Joins
Joins types
Inner join
Inner join will combined tuples from two relations that satisfy the join predicate and return a relation where each tuple is a concatenation of the two tuples that satisfy the join predicate
ON condition
We can use ON for a general predicate over the relations being joined. EG:
select *
from student join classes_taken on student_id = taken_id
This on keyword specifies that a student matches with class if their id match. It is very similar to using natural join. But using on will list the id twice. Using natural join will only have id attribute once/
Difference between WHERE and ON
Even though using WHERE and JOIN are effectively the same for inner join. But where clause will let the inner join execute first then filter. But ON will first filter out.

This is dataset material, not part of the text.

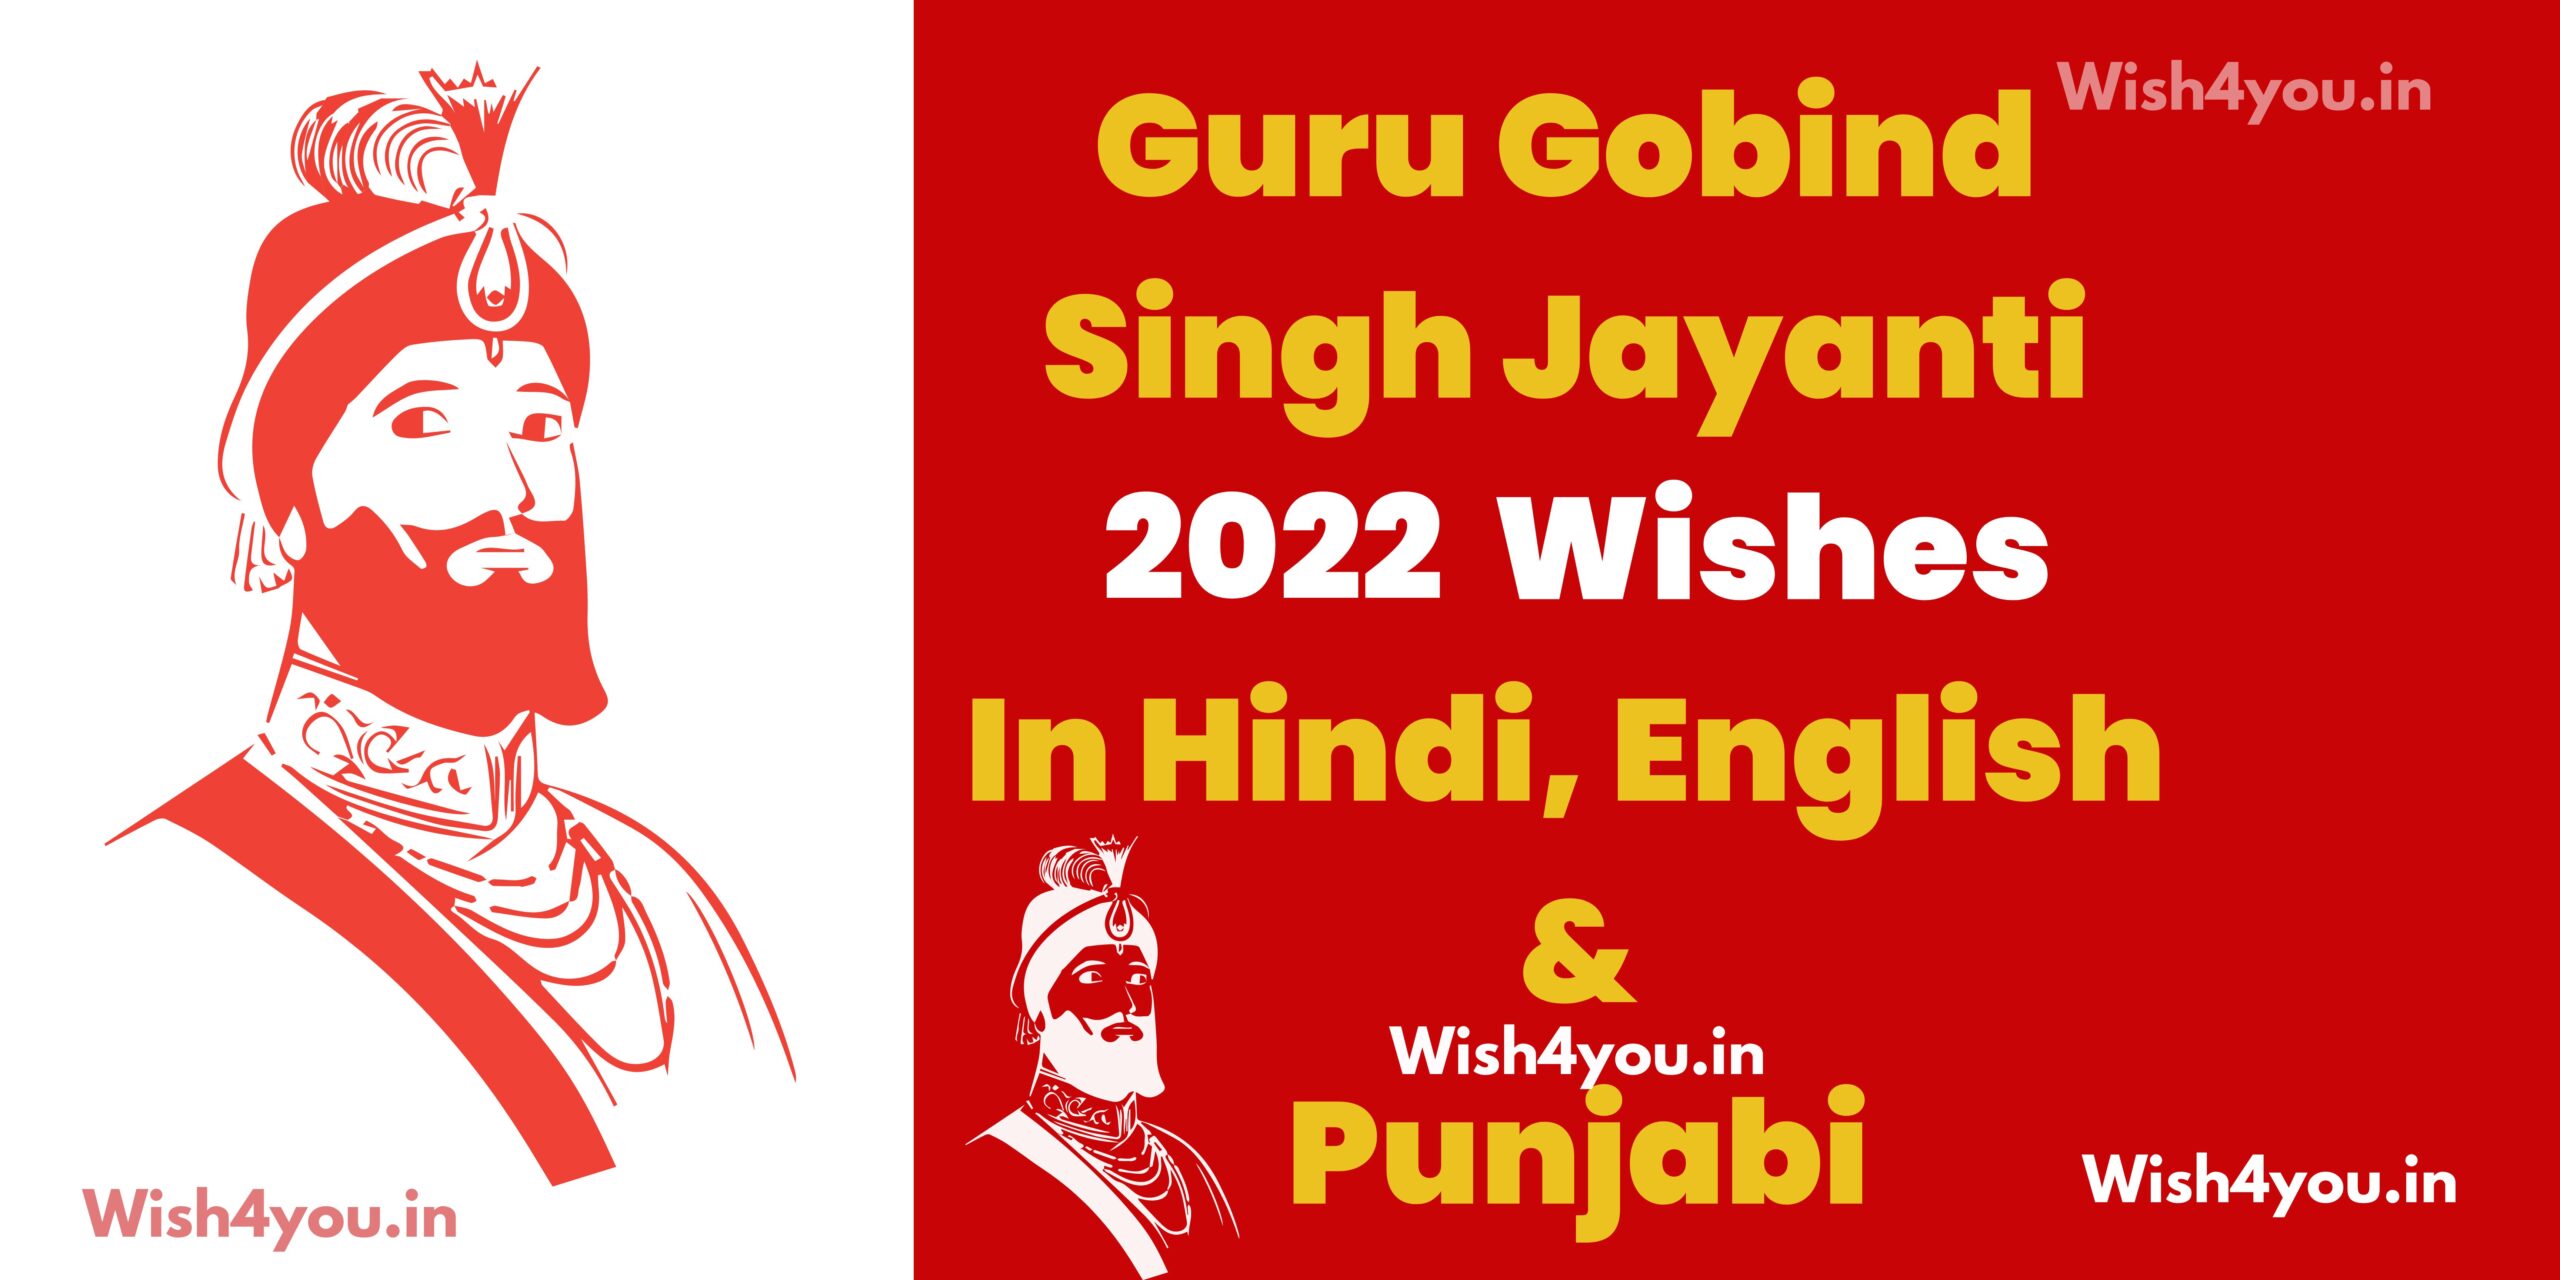 Guru Gobind Singh Jayanti 2022 Wishes

Recall, outer join adds null-padded tuples only for tuples that don’t match.(or don’t contribute to the inner join). The ON condition is part of the outer join specification.
select *
from student left outer join takes on student.ID = takes.ID
Assume we have a student name kd with ID 1001. But there is no class with ID 1001.
Then using the query above, since there is no match, we will a tuple with attribute
(kd, 1001,..,...,..., NULL,NULL,NULL). Where all the NULL fill the parts for takes's attribute.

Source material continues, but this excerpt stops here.